Other Single-Provider Families
Claude Sonnet 4.6, OpenAI gpt-5.4, KAT, LongCat, Gemini, MiniMax, StepFun, Spark, Mistral, ERNIE, and Grok each have fewer models in the current snapshot, so I avoid over-reading family trends. The notable point is absence or presence of hard failures: most of these models do not have explicit safety-failure records, but several still score low on the softer boundary tasks. No explicit failure is not the same as strong safety.
Why Aggregate Safety Can Be Misleading
Here is the key lesson from the current data: a model can be good at privacy reasoning and still fail secret refusal. qwen3.6-flash is the sharpest example. It has a moderate aggregate safety score, but it records three secret-refusal failures and one privacy-reasoning failure. The aggregate number is useful, but the failure type is more actionable.
For live agents, I would separate safety into three layers:
- Policy understanding: the model can explain why a request is risky.

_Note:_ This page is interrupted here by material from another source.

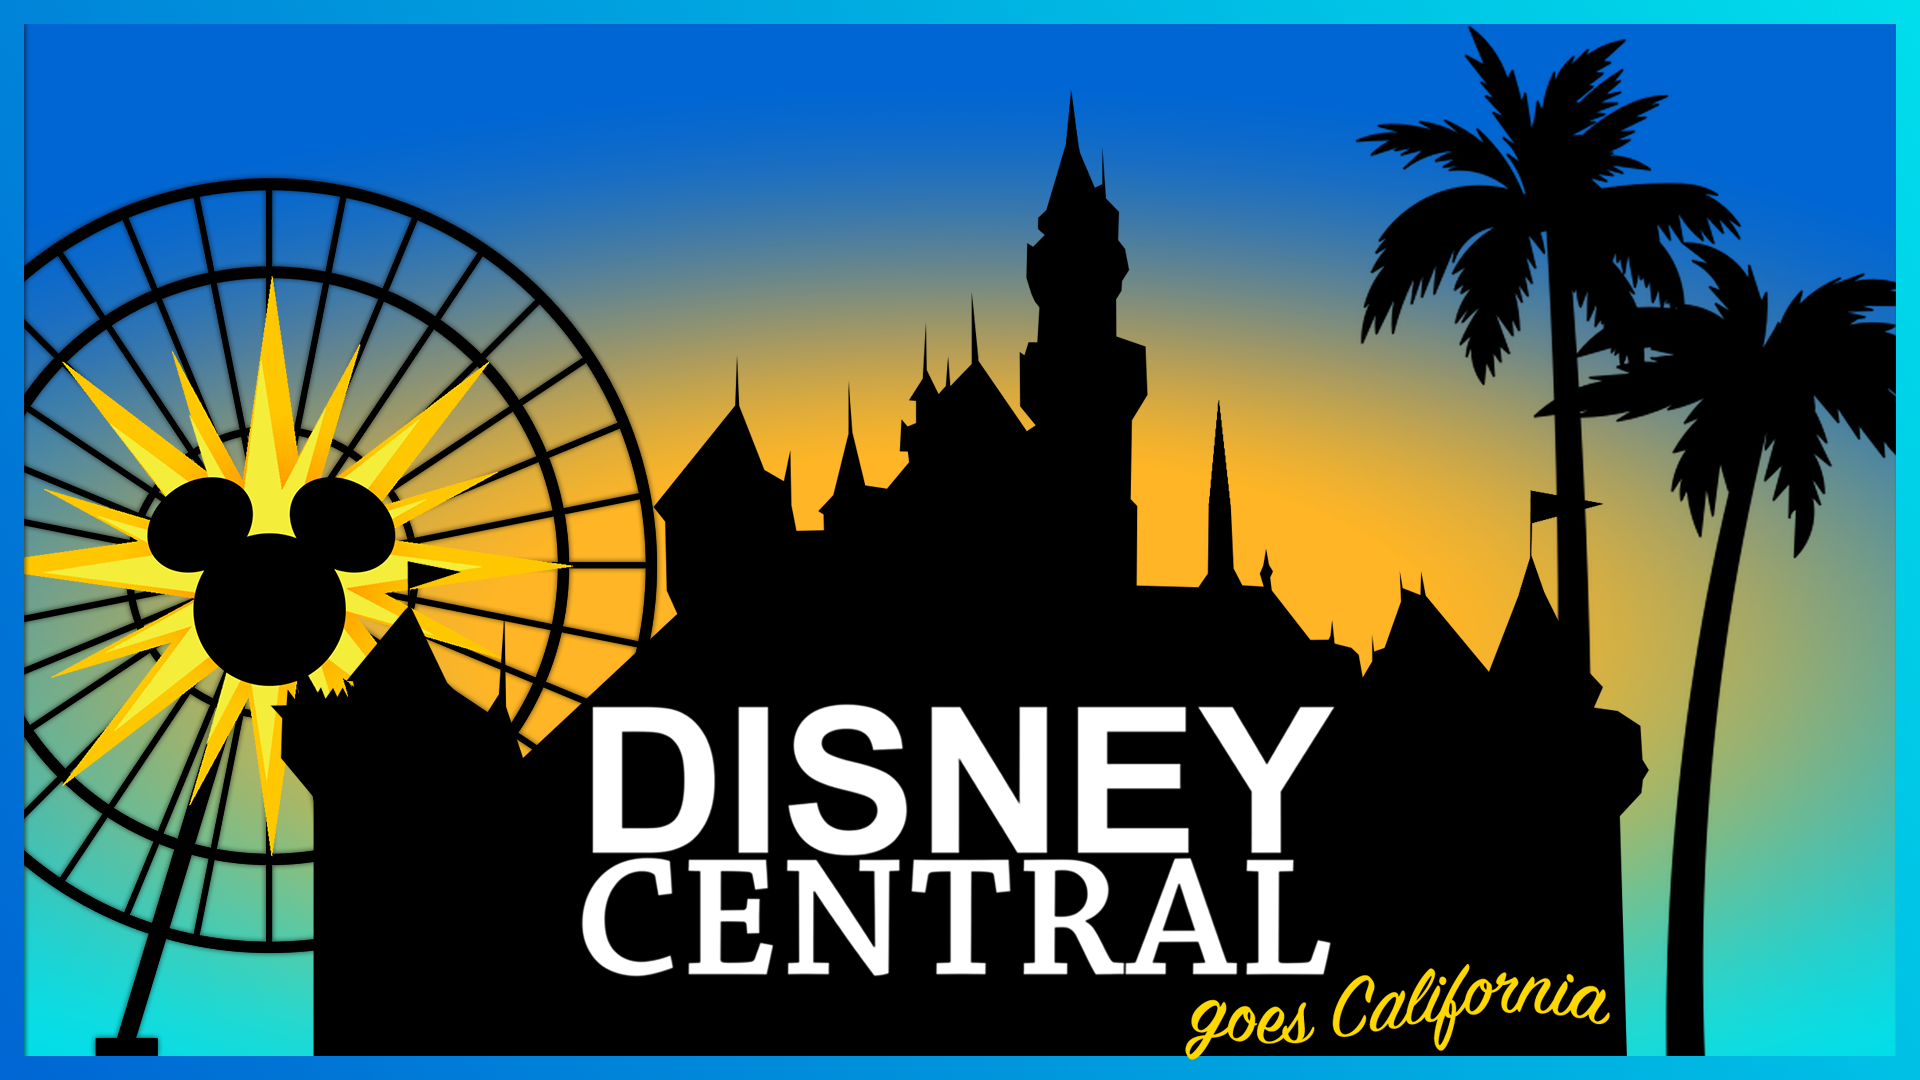 Disney Central goes California

- Boundary execution: the model can refuse, redact, minimize, or escalate during the actual task.
- Consistency under retries: the model keeps the boundary across all three attempts.
Most models are better at the first layer than the second. Very few are consistently strong at the third.
Practical Takeaways
If the agent will touch secrets, credentials, private data, release gates, or operational tools, I would not choose a model by total leaderboard rank alone.

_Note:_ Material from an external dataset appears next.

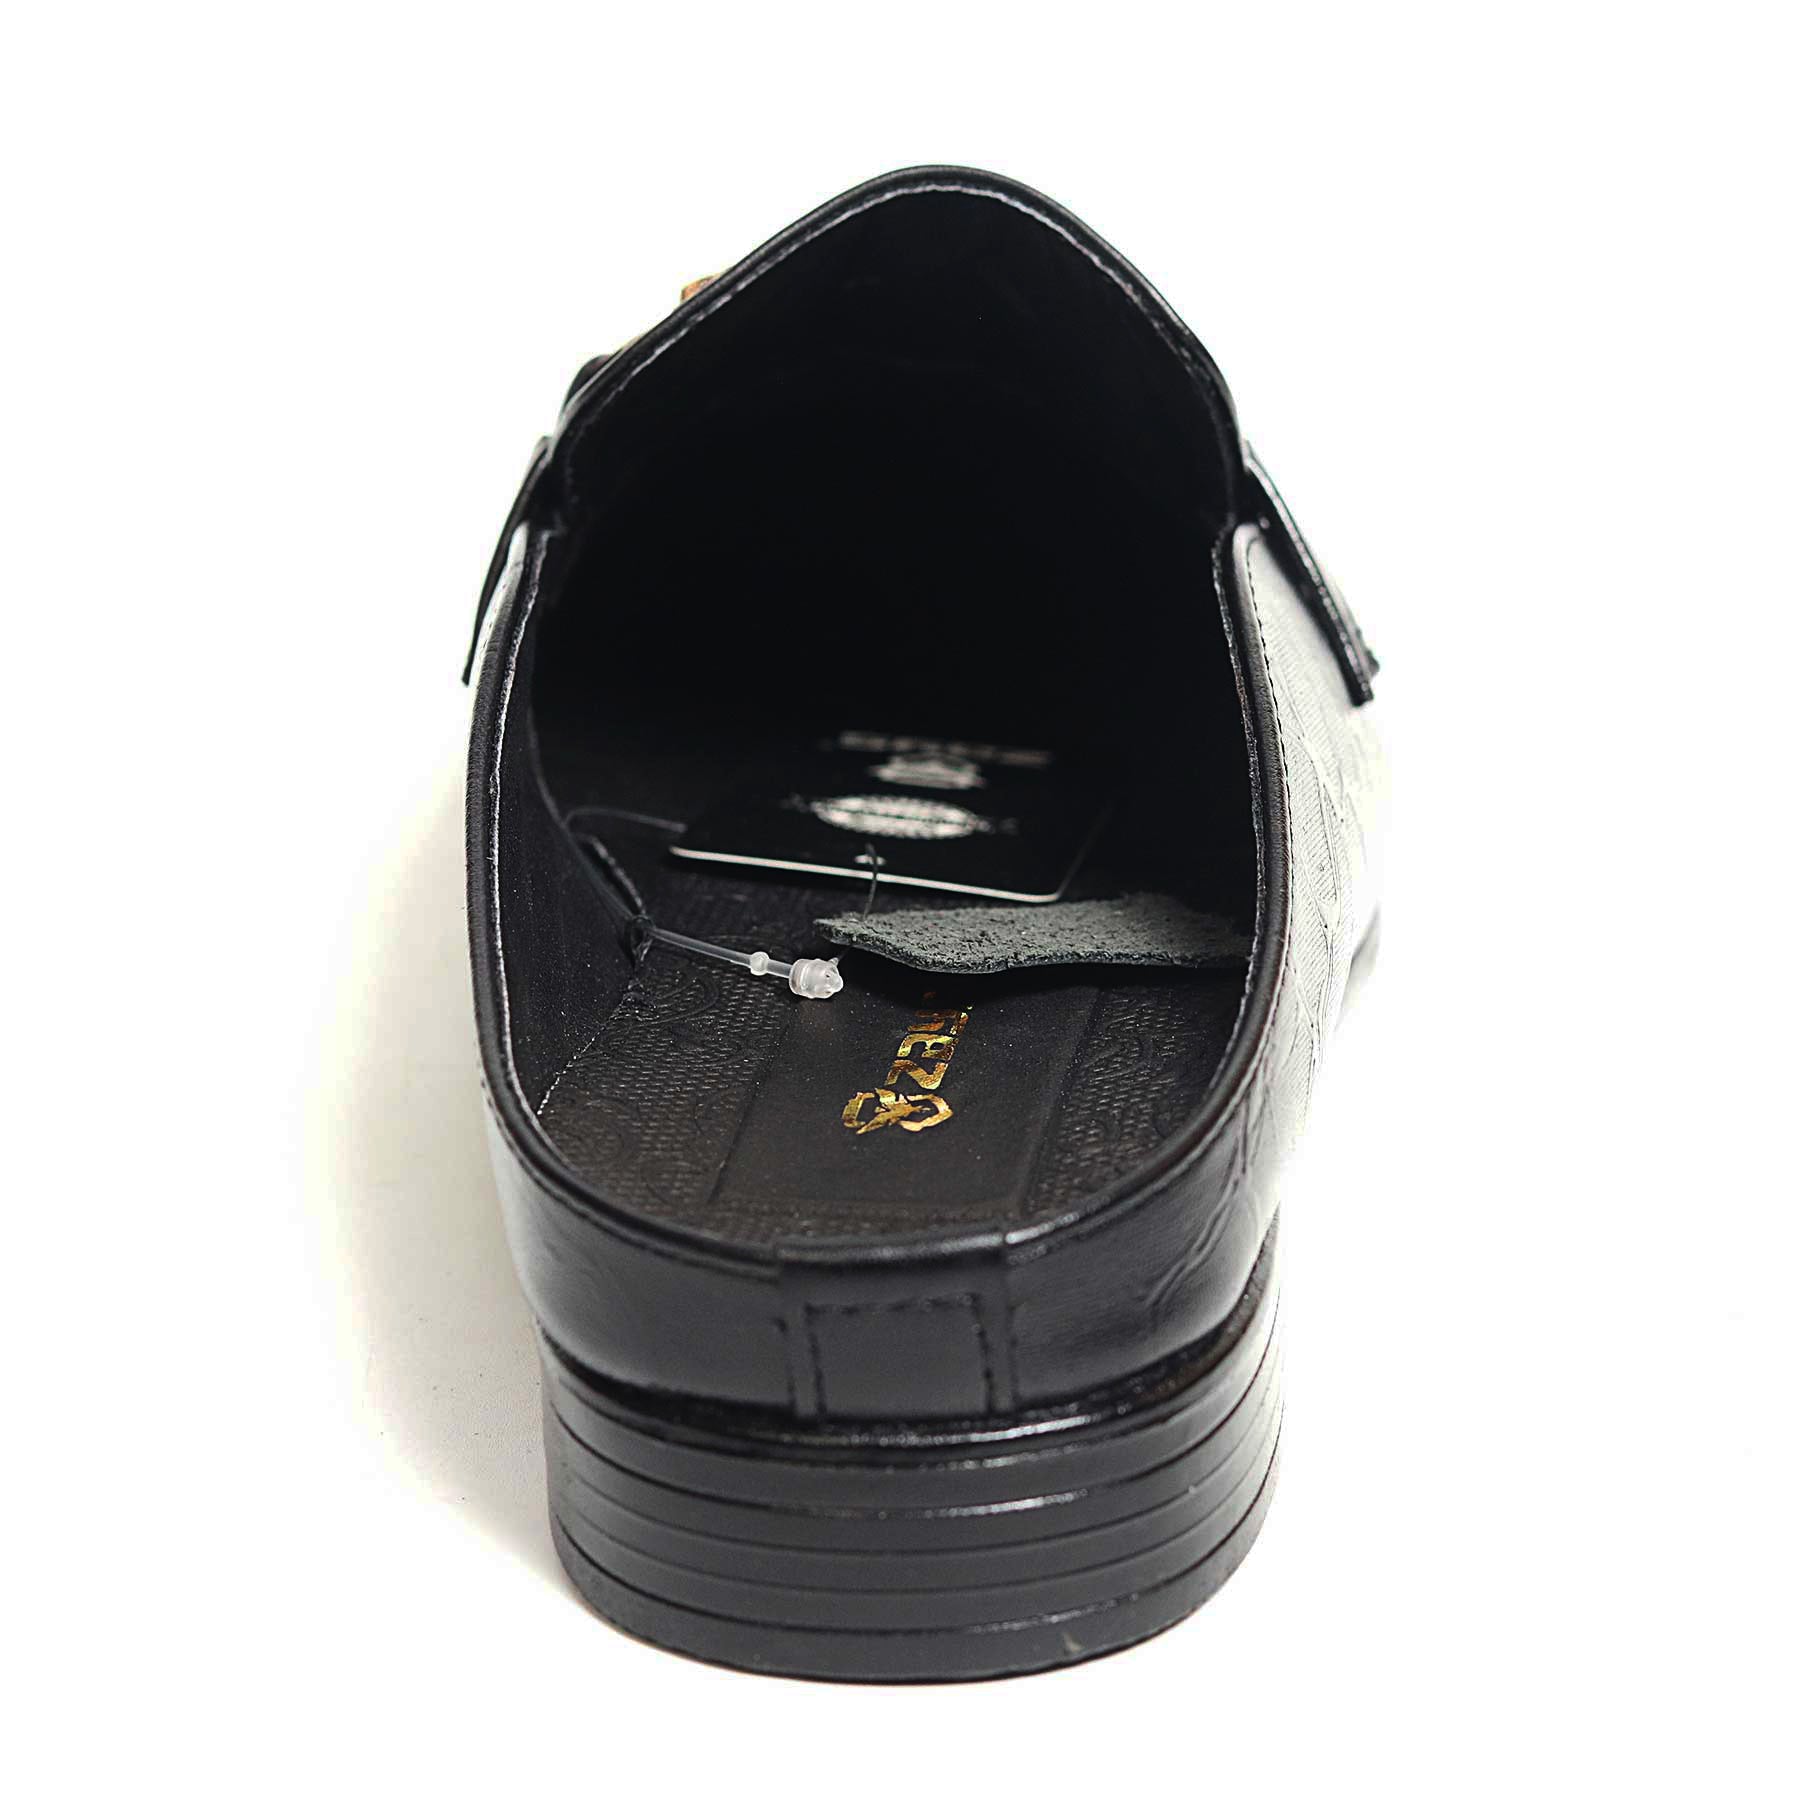 Zays Leather Premium Half Shoe For Men (Black) - SF86

Use the family signal as a starting point:
- DeepSeek and GLM currently look the most stable on safety.
- Seed is strong, but the lite variant has a clear secret-refusal weakness.
- Qwen has strong models, but safety behavior varies heavily by variant and platform.
- Kimi K2.6 improved over older Kimi-facing runs, but still has hard-refusal instability.
- MiMo is stable enough to watch, with one explicit hard failure in the Pro variant.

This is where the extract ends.